Stagflation concerns swept across equity markets Monday as traders digested escalating geopolitical tensions and signals of an expanding conflict, sending the S&P 500 down 2.3% and the Nasdaq Composite tumbling 3.1% in heavy volume trading.

Market Context

Broader market conditions reflected broad risk-off sentiment with all eleven S&P 500 sectors finishing negative. The Dow Jones Industrial Average declined 587 points, while the VIX volatility index spiked 34% to 28.94, its highest level since early February. Treasury yields retreated as investors fled to safety, with the 10-year yield falling 12 basis points to 4.21%, while the 2-year yield dropped 8 basis points to 4.55%.

Analysis

The stagflation trade acceleration was driven by multiple catalysts. Comments from administration officials suggesting broader military involvement in the Middle East and Eastern Europe raised supply chain disruption concerns at a time when headline CPI remains elevated at 3.2%. Energy prices surged with WTI crude up 4.7% to $78.42 per barrel, while Brent crude rose 4.2% to $82.18.

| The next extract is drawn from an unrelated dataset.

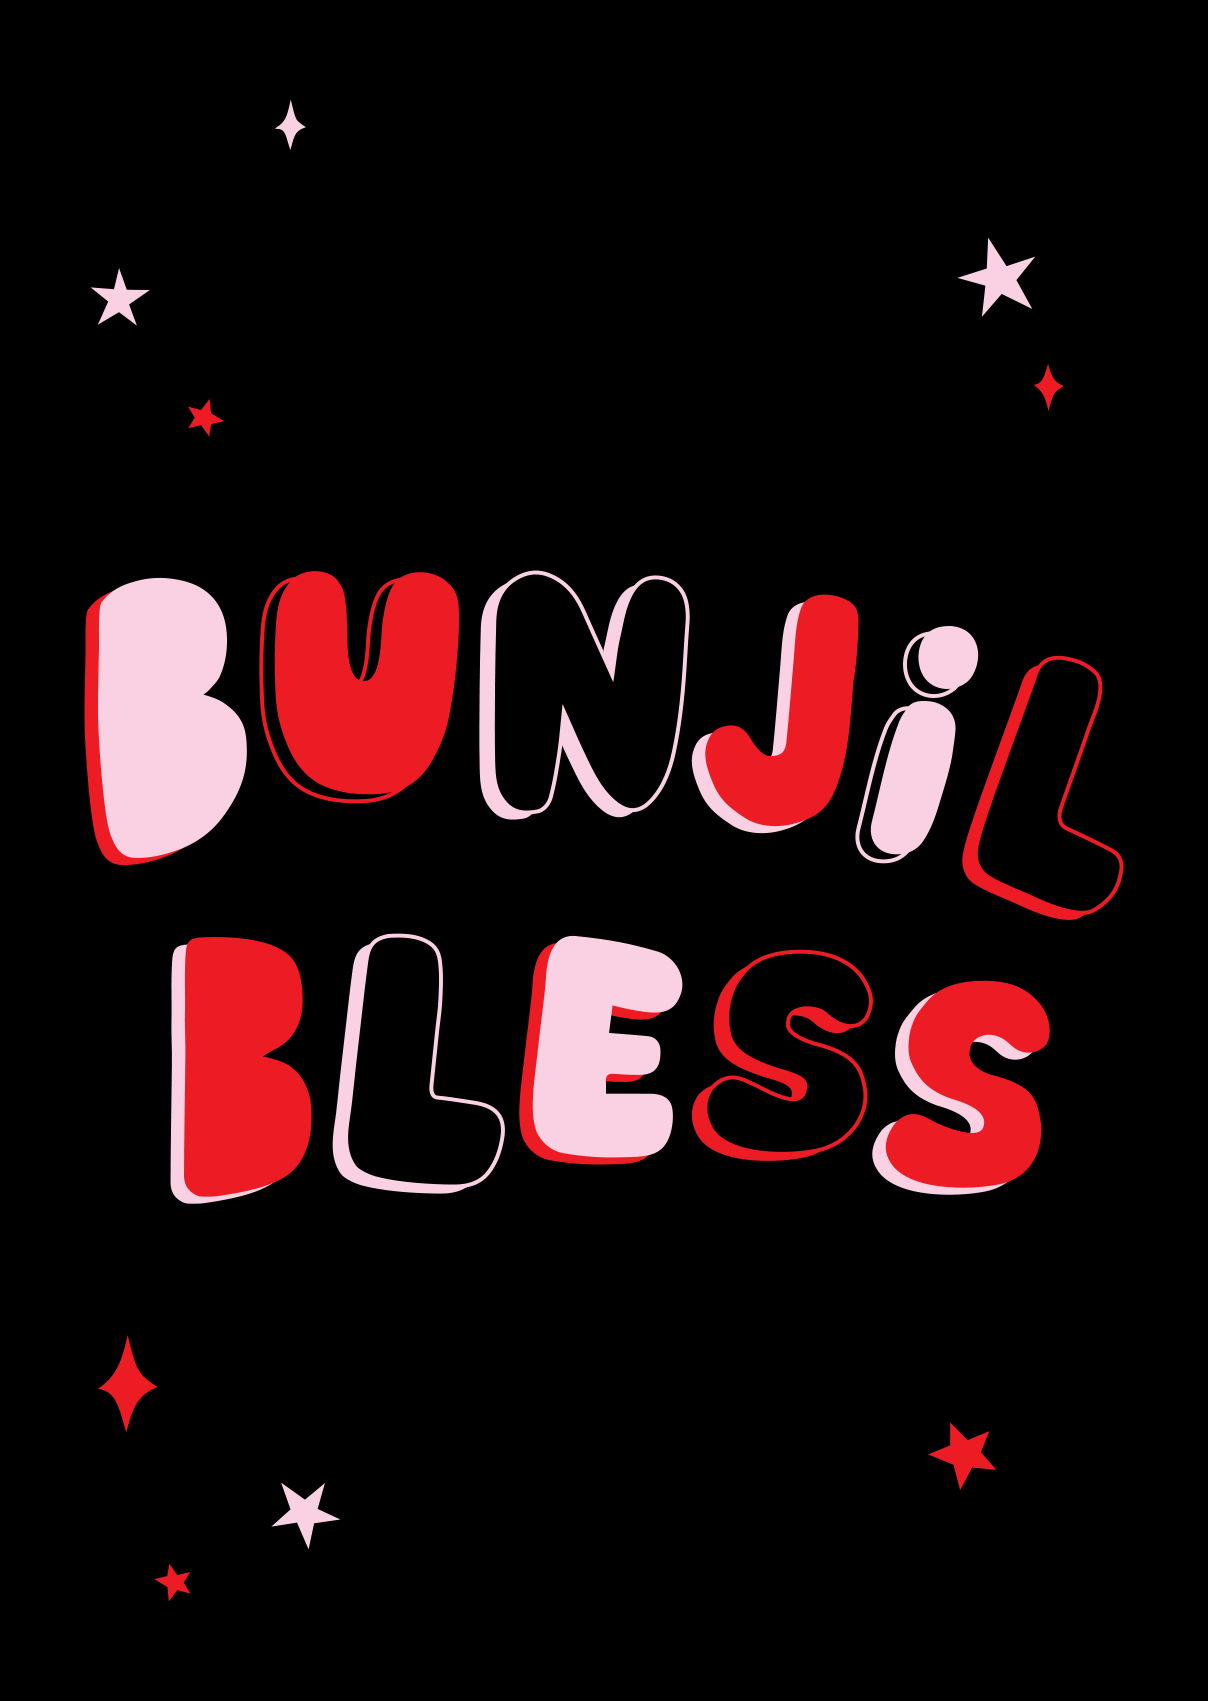 Bunjil bless poster

Institutional flow data showed heavy selling in growth and technology names, with the Philadelphia Semiconductor Index falling 4.8%. Retail sentiment surveys indicated heightened uncertainty, while put/call ratios surged to 1.42 from last week's 0.98. Hedge funds were observed reducing net exposure to equities while increasing allocations to inflation-protected assets and short-duration treasuries.

Key Numbers

- S&P 500: down 2.3% to 5,102.34

- Nasdaq Composite: down 3.1% to 15,892.12

- Dow Jones Industrial Average: down 587 points to 38,234.21

- VIX: up 34% to 28.94

- WTI crude: up 4.7% to $78.42 per barrel

- 10-year Treasury yield: down 12 basis points to 4.21%

- Philadelphia Semiconductor Index: down 4.8%

- Put/call ratio: surged to 1.42

What to Watch

Traders will closely monitor upcoming CPI data for February, expected to show headline inflation holding at 3.1% with core at 2.8%. Federal Reserve Chair Powell's congressional testimony scheduled for Wednesday will be scrutinized for any shift in the policy stance amidst stagflation risks. Energy markets remain a key focus as OPEC+ meeting minutes showed internal disagreement on production targets. Technical support for the S&P 500 sits at 5,050 with resistance at 5,200.

Options market activity showed elevated demand for protective puts across major indices, with March 4500 SPX puts showing unusual volume. The conflict escalation timeline and any subsequent supply chain disruptions will likely determine whether this represents a short-term risk-off episode or a more sustained rotation.